可部護国神社(招魂社)

2月17日のことですが、可部護国神社を訪れました。「可部に護国神社?」と思われる向きも多いでしょう。広島で護国神社といえば、広島市中区にある「広島護国神社」、あるいは福山市にある「備後護国神社」を思い浮かべると思うのですが、可部にも護国神社があります。

可部護国神社(招魂社)
可部護国神社(招魂社)

あらためて “護国神社” とは

あらためて “護国神社” とは。goo辞書によると下記の説明があります。

国家に殉難した人々の霊を祭る神社。明治維新以降、各地に創建された招魂社を昭和14年(1939)に改称したもの。

そして文中の “招魂社” はgoo辞書によると下記の説明があります。

明治維新前後から国家のために殉難した人の霊を祭る神社。各地に建てられ、昭和14年(1939)護国神社と改称した。

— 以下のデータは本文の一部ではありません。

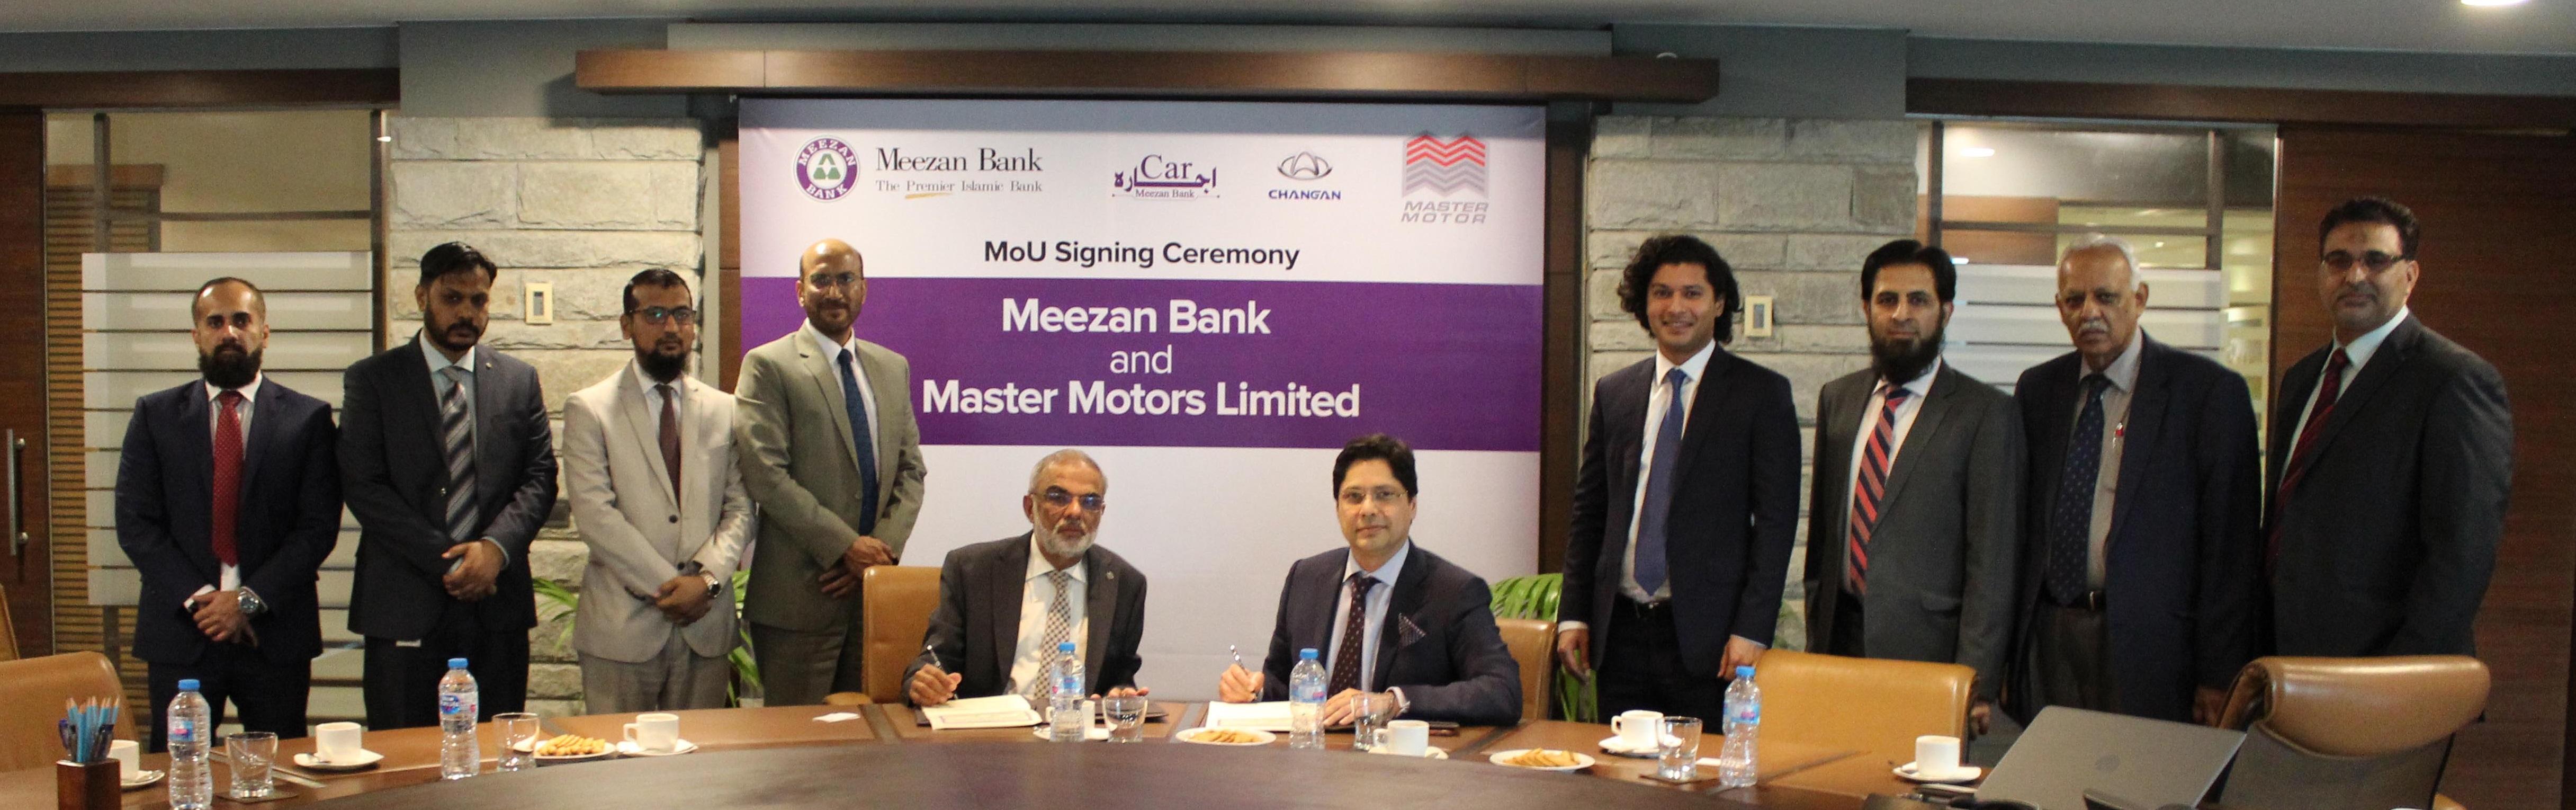 Meezan Bank and Master Motors Limited sign a Memorandum of Understanding for Promoting Master Motors Limited – Changan
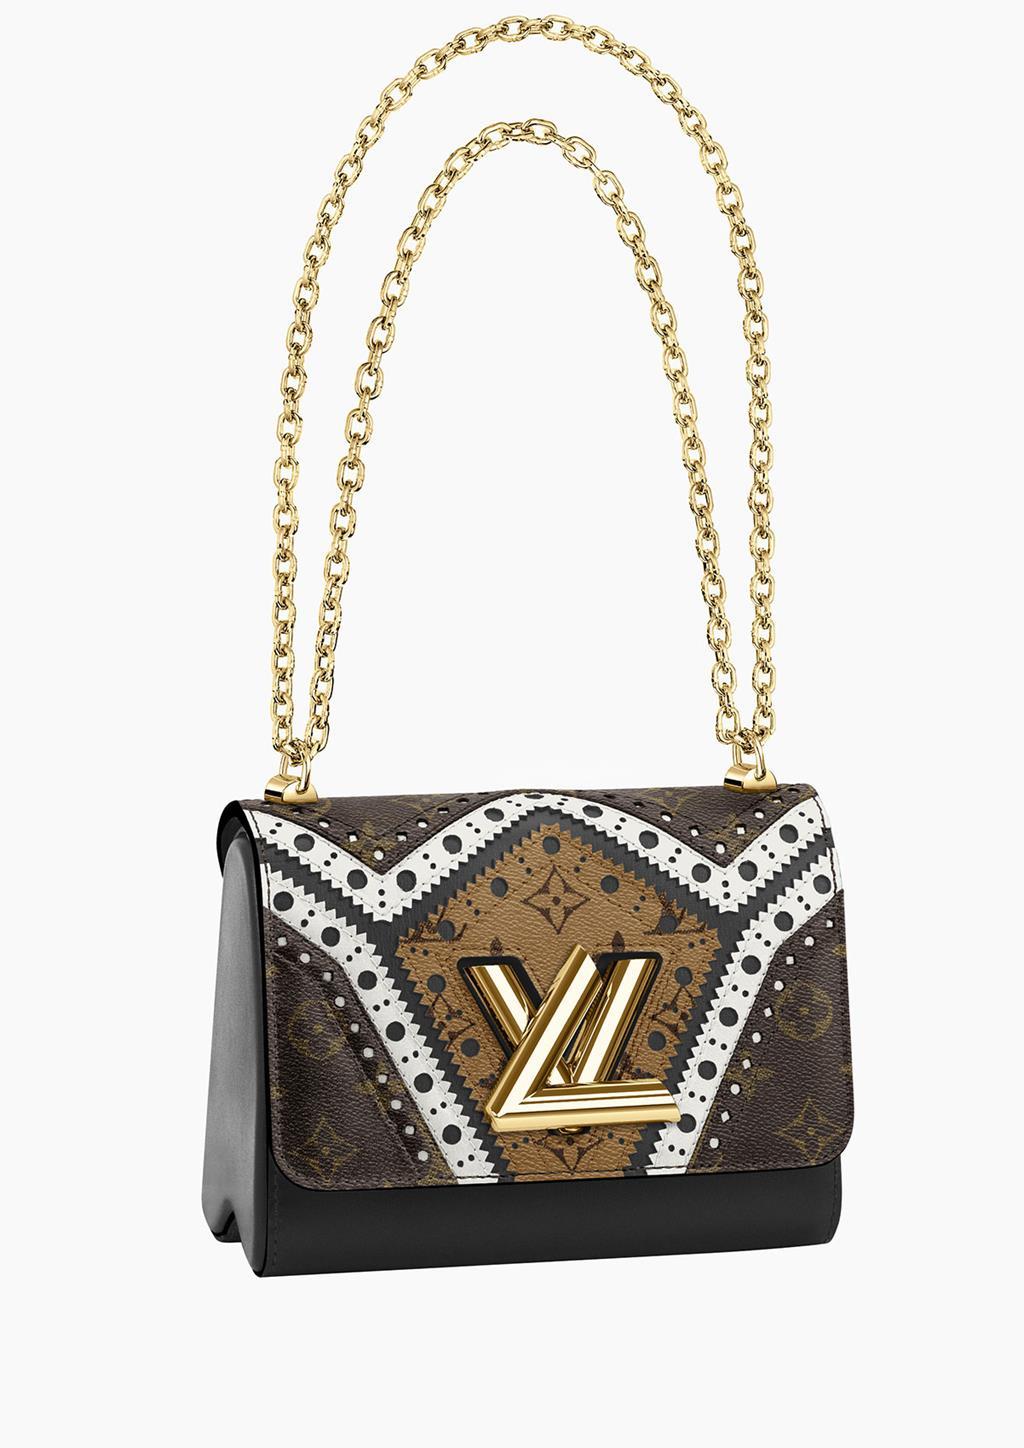 Louis Vuitton Twist Mini Bag Epi Leather M56119

国家のためにつくして亡くなった方々のを祭る神社で招魂社から護国神社とかわったようです。深掘りしていくといろいろな考えがあるようですが、ここでは気にしないことにします。

可部護国神社(招魂社)

可部護国神社(招魂社)は1919(大正8)年に可部町上市の高宮高等小学校の校庭に建てられました。終戦で1945(昭和20)年末、両延神社に移転。当時の遺族委員長(元可部町長)が発起人になり、遺族会や有志の寄付金で2年後の1947(昭和22)年4月、現在地の旧可部高校グラウンド北に招魂社を建立しました。大林、三入、亀山の旧3村が可部町に合併した1955(昭和30)年、3村の戦没者も合祀しています。

可部護国神社(招魂社) 参道入口
可部護国神社(招魂社) 参道入口
可部護国神社(招魂社) 拝殿
可部護国神社(招魂社) 拝殿

拝殿には “招魂社” とあります。上の説明はファミリー可部2010年4月号を参考にしたものなのですが、そこでも “護国神社” ではなく “招魂社” とありました。可部護国神社においては可部招魂社と呼ぶほうが一般的なのでしょう。

拝殿には “お願い” が書かれていました。

拝殿に書かれていた 'お願い'
お願い

この招魂社は皆さんに関係の深い可部町の方で日清、日露、日支事変、大東亜戦争等で国のために戦い又動員学徒等、若い人々が原爆により尊い命を捧げられた方々八百余柱をお祭りしてあるお宮です。
この人達の働きにより世界で最もめぐまれた平和な今日の日本があるのです。
この神社に参拝する皆さんは神霊に感謝し何よりも敬虔な心をもって神前にぬかづくという気持ちを忘れてはなりません。
又、神殿や神域にいたずらをすることはやめましょう。神様は常に見守っていて下さいますが決して罰を与えることはありません。
然し自分の心にさいなまれ自身の招いた罪悪感を背負って一生苦しむことになります。皆さんが今一人で静かに神様の前に立ってごらんなさい。
必ず手を合わせ頭を下げて神様を拝む尊い心がわき出るだろうと信じています。
それが日本人です。

とてもわかりやすく、そしてとても良い文章だと思います。それにしても、過去にいたずらをした者がいたのでしょうか… いったいどんな気持ちで行うのでしょう。

本殿はこちら。拝殿の後ろにあります。

可部護国神社(招魂社) 本殿
可部護国神社(招魂社) 本殿

拝殿の左側奥には義勇奉公と書かれた碑もあります。

義勇奉公碑
義勇奉公碑

碑の横には砲弾がありました。ここで祭られている方々に何かゆかりがある砲弾なのかなと思ったりもしたのですが、まわりをみても砲弾についての説明はありませんでした。

招魂社のはじまりが長州に由来するということで、一部では護国神社のことをよく思わないようですが、護国神社への思いはどうであっても、国家のために殉難した方々のことを考える気持ちは大切なものと思います。

参考にした書籍など

おまけ:まわりにはたくさんの猿が(驚)

神社そばの空き地です。たくさんの猿がいました(驚)。

可部護国神社(招魂社)近くで見かけた猿たち
可部護国神社(招魂社)近くで見かけた猿たち

もう40年近く前のことですが、白木のほうでは見ることがありました。こちら(可部)のほうにもやってきたのかな。